Propédeutique minimale à de telles questions : c’est à la thématique de la force qu’il faudrait ici se soustraire, aux motifs de l’effort, de la force et de la puissance, de la Macht du machen (et peut-on le faire au nom du « travail » ?), car la peine, la passivité, la passion ou la passibilité attachées à la peine ne relèvent pas de ce registre, pas plus, du reste, qu’elles ne relèvent du registre moral de la condamnation chrétienne, à laquelle le travail a été attaché (mais attaché aussi à une rédemption, qui peut-être a laissé des traces chez Marx).

Peut-on penser « la sueur du front » à l’écart de la force et à l’écart du péché ?

(Marx : « ” Tu travailleras à la sueur de ton front ! ” Cette malédiction, Adam la reçut de la bouche de Jéhovah, et c’est bien ainsi qu’Adam Smith entend le travail ; quant au ” repos “, il serait identique à la ” liberté ” et au ” bonheur “. C’est le moindre souci de Smith que, ” dans son état normal de santé, de force, d’activité, d’habileté, de dextérité “, l’individu ait également besoin d’une quantité normale de travail qui mette fin à son repos. » – Pléiade, II, p. 288-289 = Grundrisse).

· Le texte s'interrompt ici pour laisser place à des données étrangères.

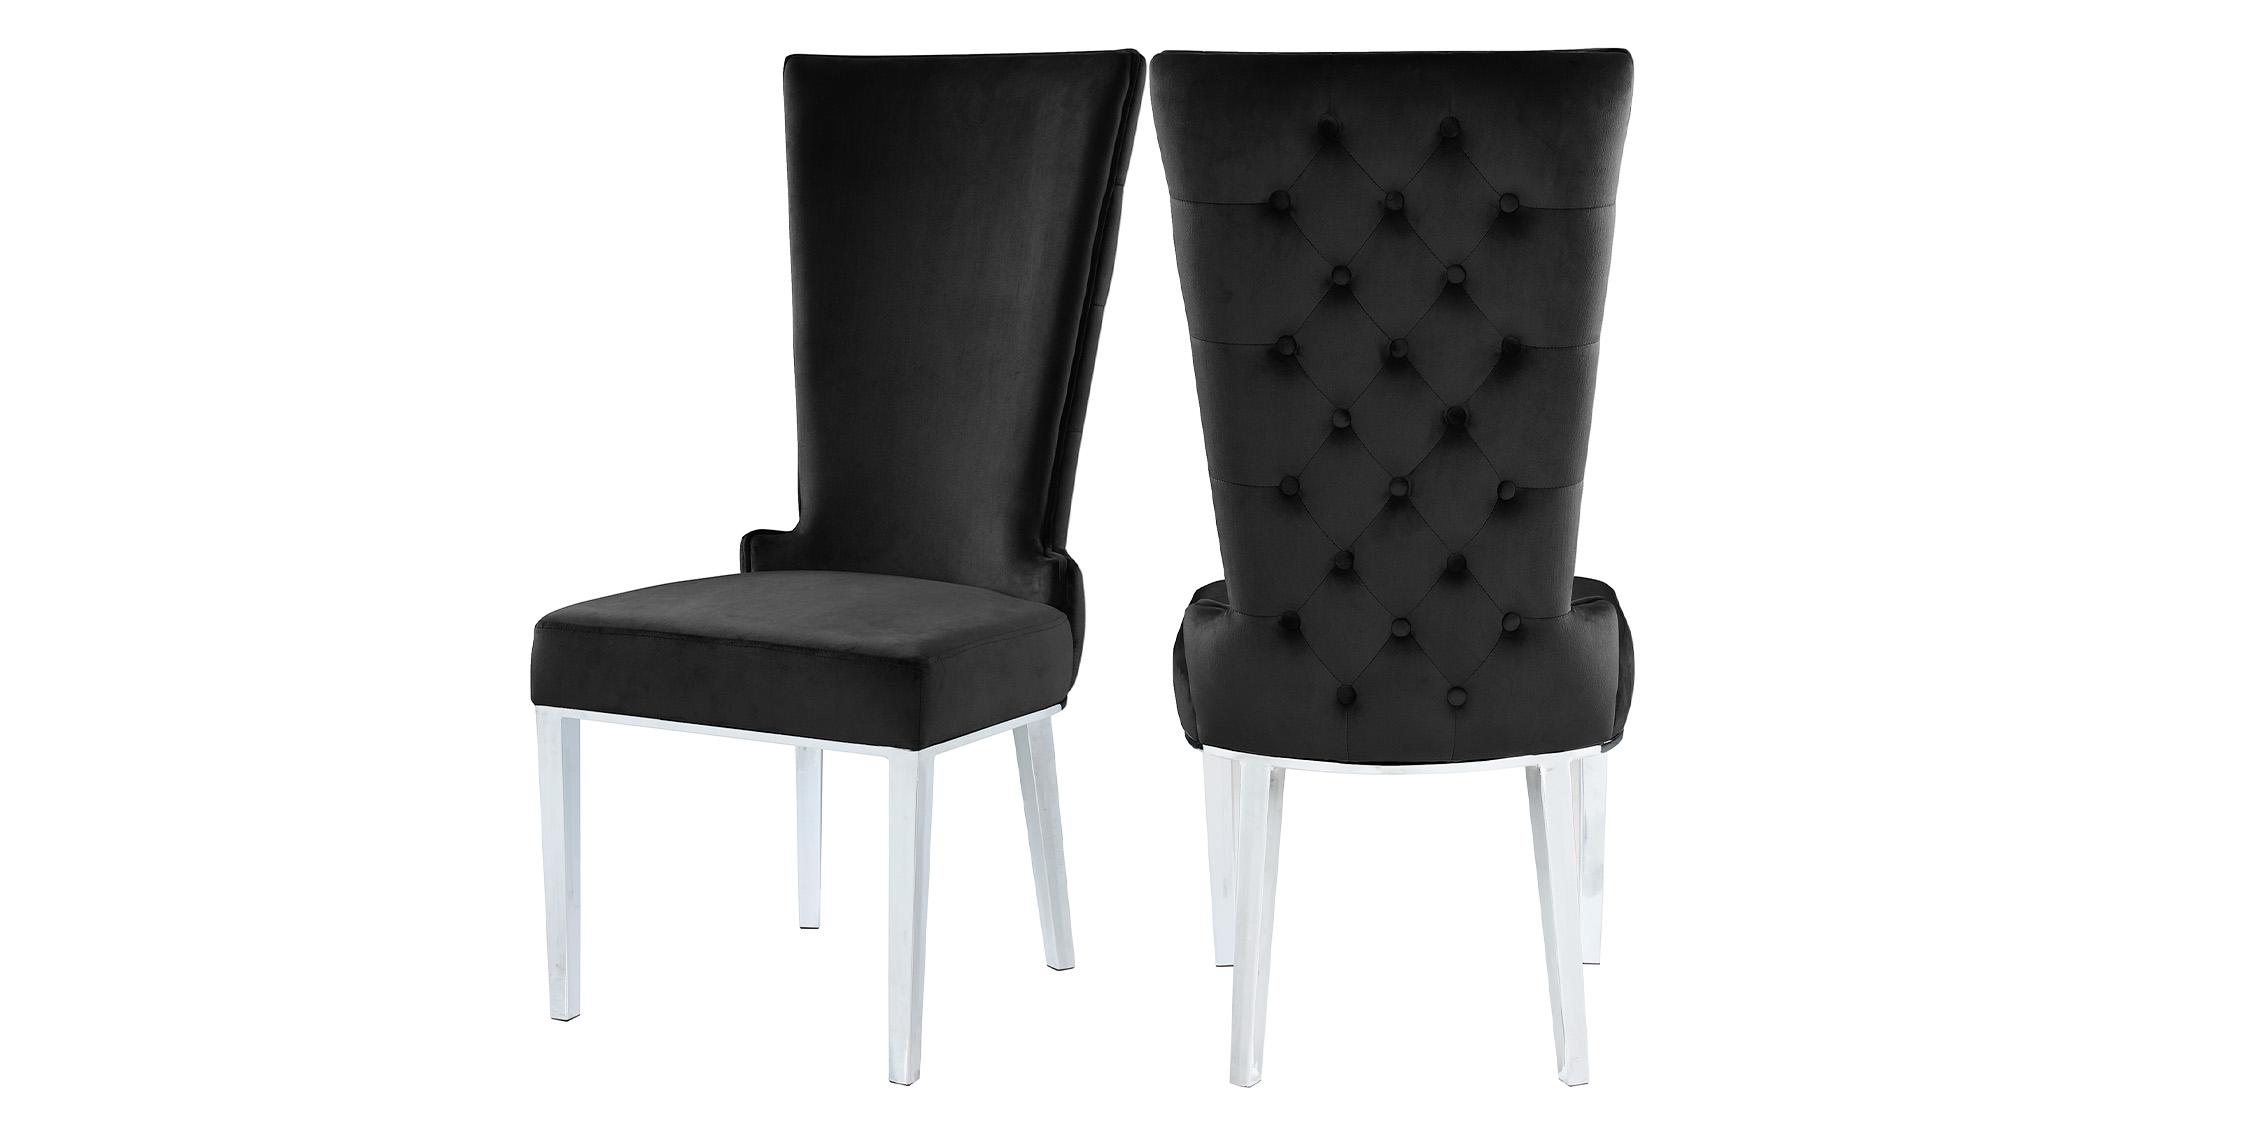 Contemporary, Modern Chair Set SERAFINA 729Black-C 729Black-C-Set-2 in Chrome, Black Velvet

Du travail comme besoin, besoin d’une quantité normale de ce besoin ? Questions dérisoires ou détestables pour qui sort des camps, du stakhanovisme ou du fordisme (à supposer que quiconque en soit sorti, ou que l’on sache ce que veut dire, ici, « sortir de »). C’est évident (mais il ne faut tout de même pas l’oublier). Comme toutes les évidences, cela profère une énigme.